:: TASK OBJECTIVE ::
In your copy, each line below is repeated exactly and no image appears.

:: DATA SHOWN ::
== == ==

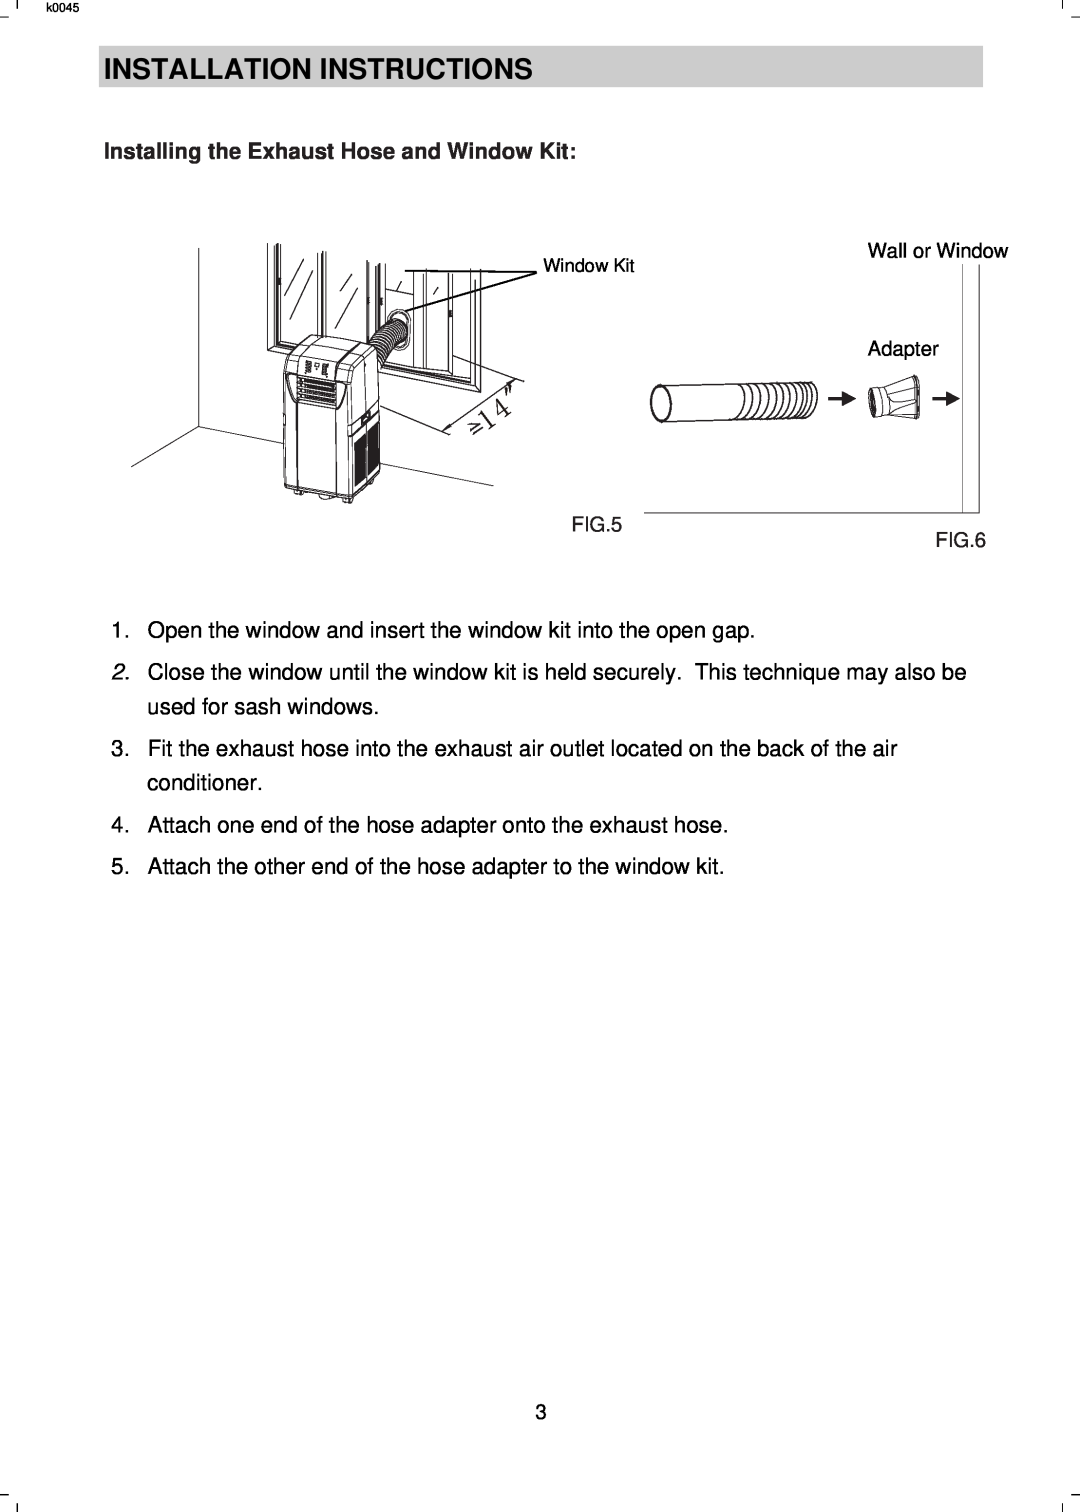 NewAir AC12000H, AC12000E manual Installation Instructions, Installing the Exhaust Hose and Window Kit 
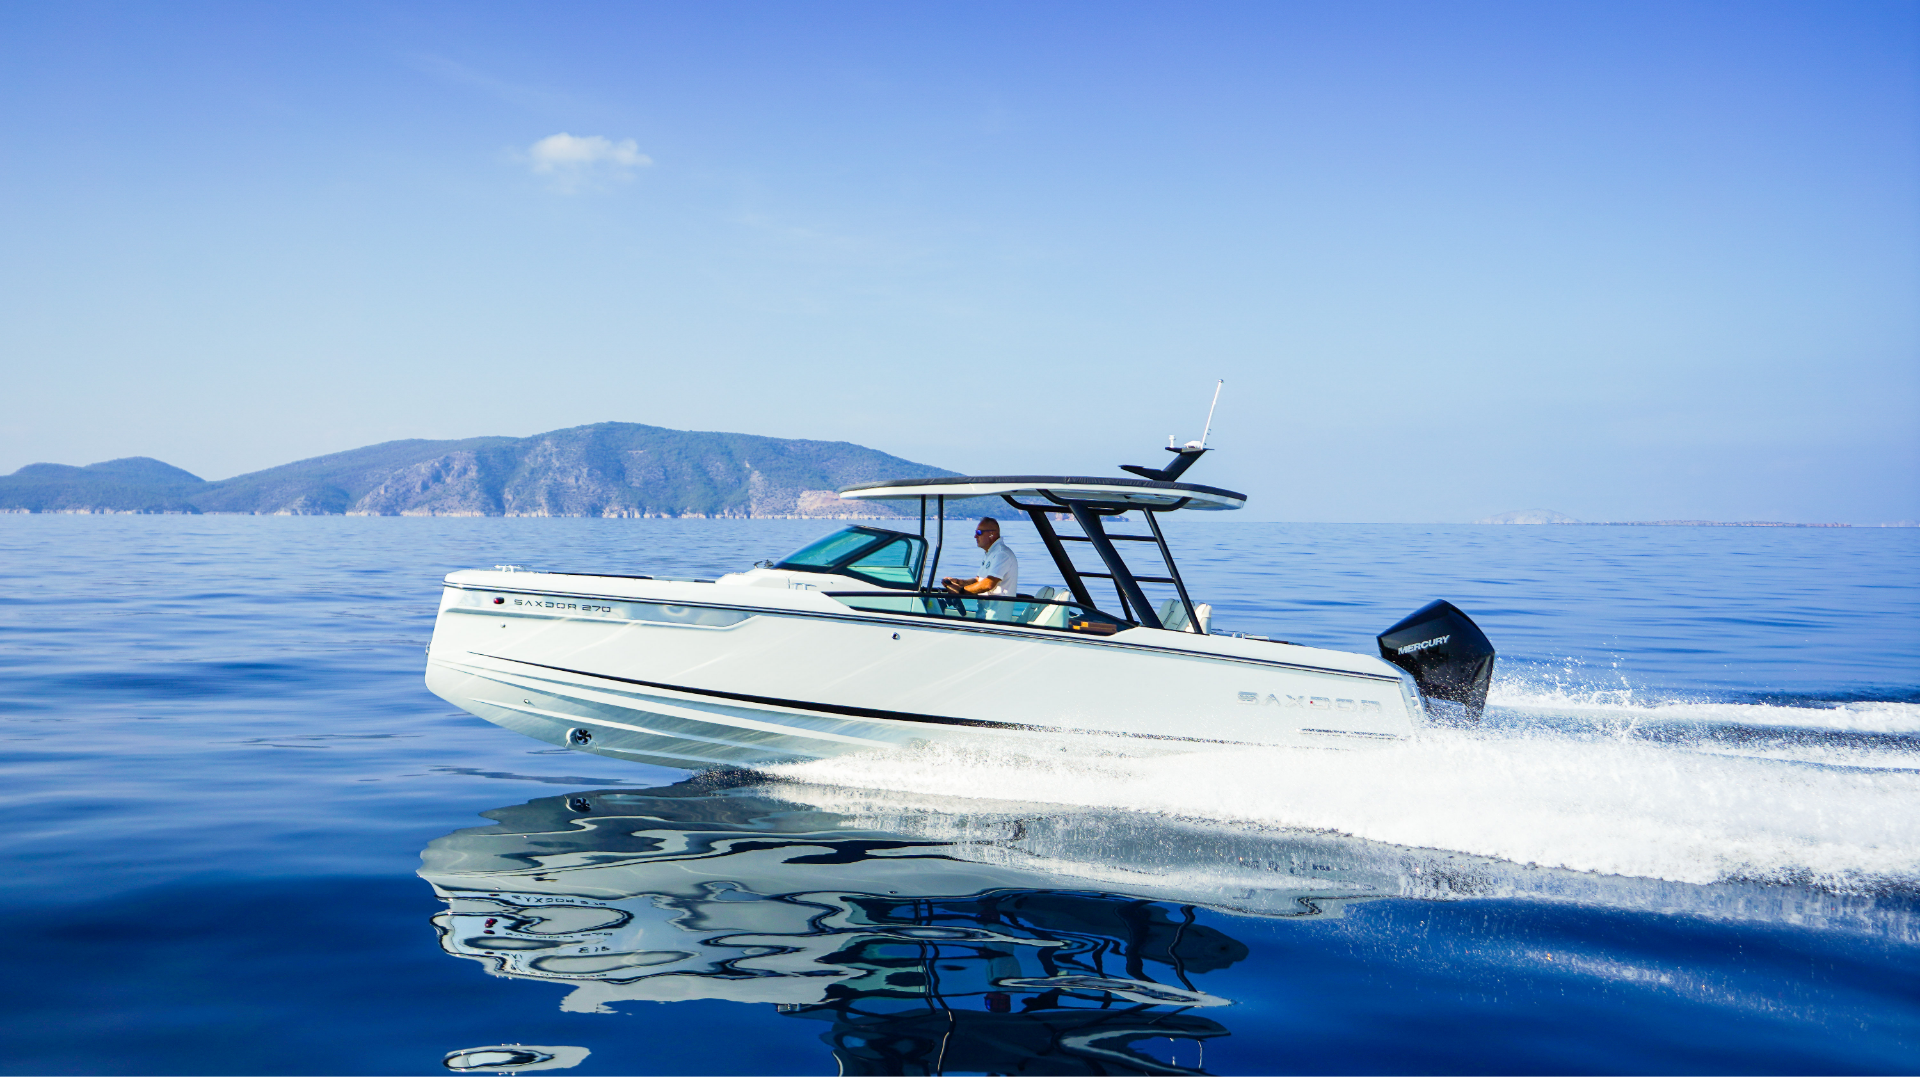 Originating from a vision to create a boat fleet that has never existed before, Saxdor boats are built with the highest standards of cutting-edge technologies and attention to safety.
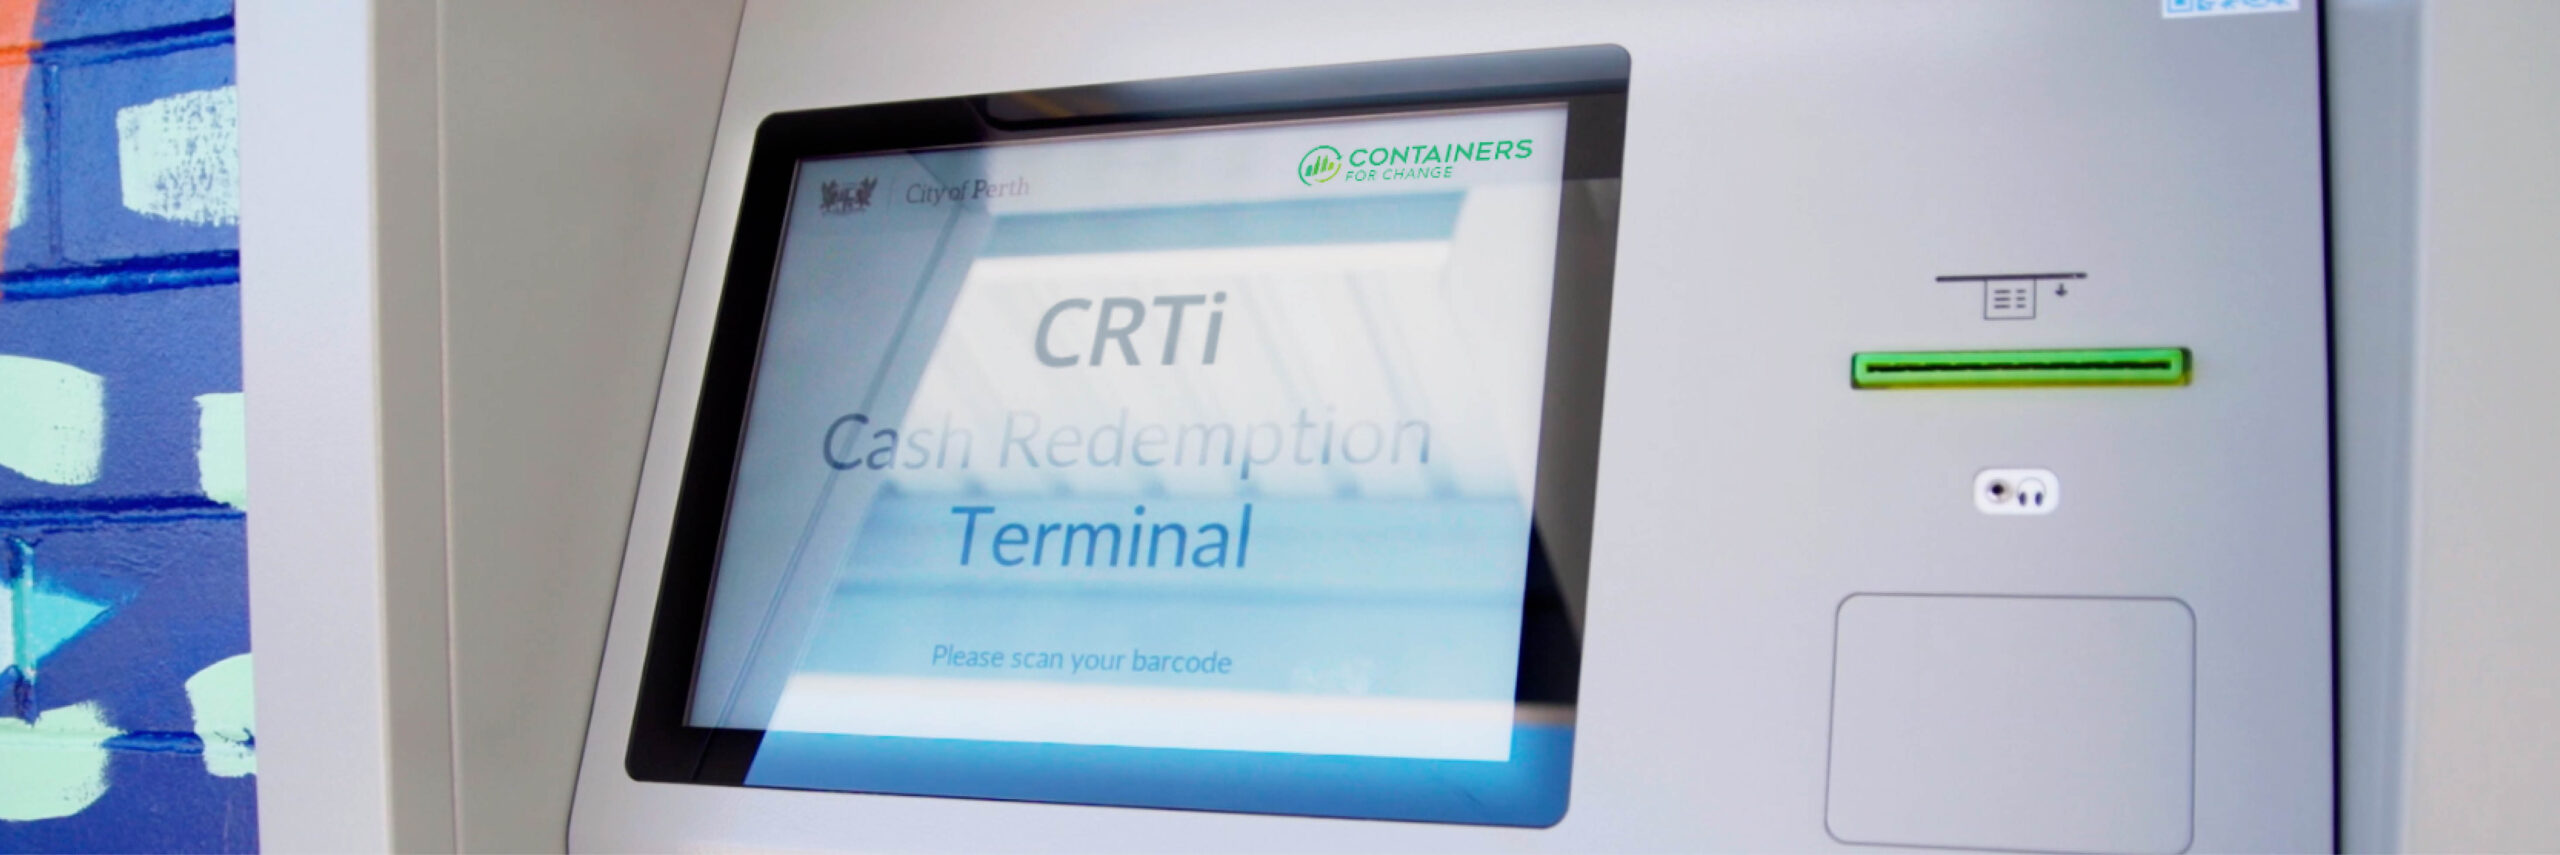 Close up of a CRTi Cash Redemption Terminal device

== == ==

:: EXERCISE RESULT ::
 NewAir AC12000H, AC12000E manual Installation Instructions, Installing the Exhaust Hose and Window Kit 
 Originating from a vision to create a boat fleet that has never existed before, Saxdor boats are built with the highest standards of cutting-edge technologies and attention to safety.
 Close up of a CRTi Cash Redemption Terminal device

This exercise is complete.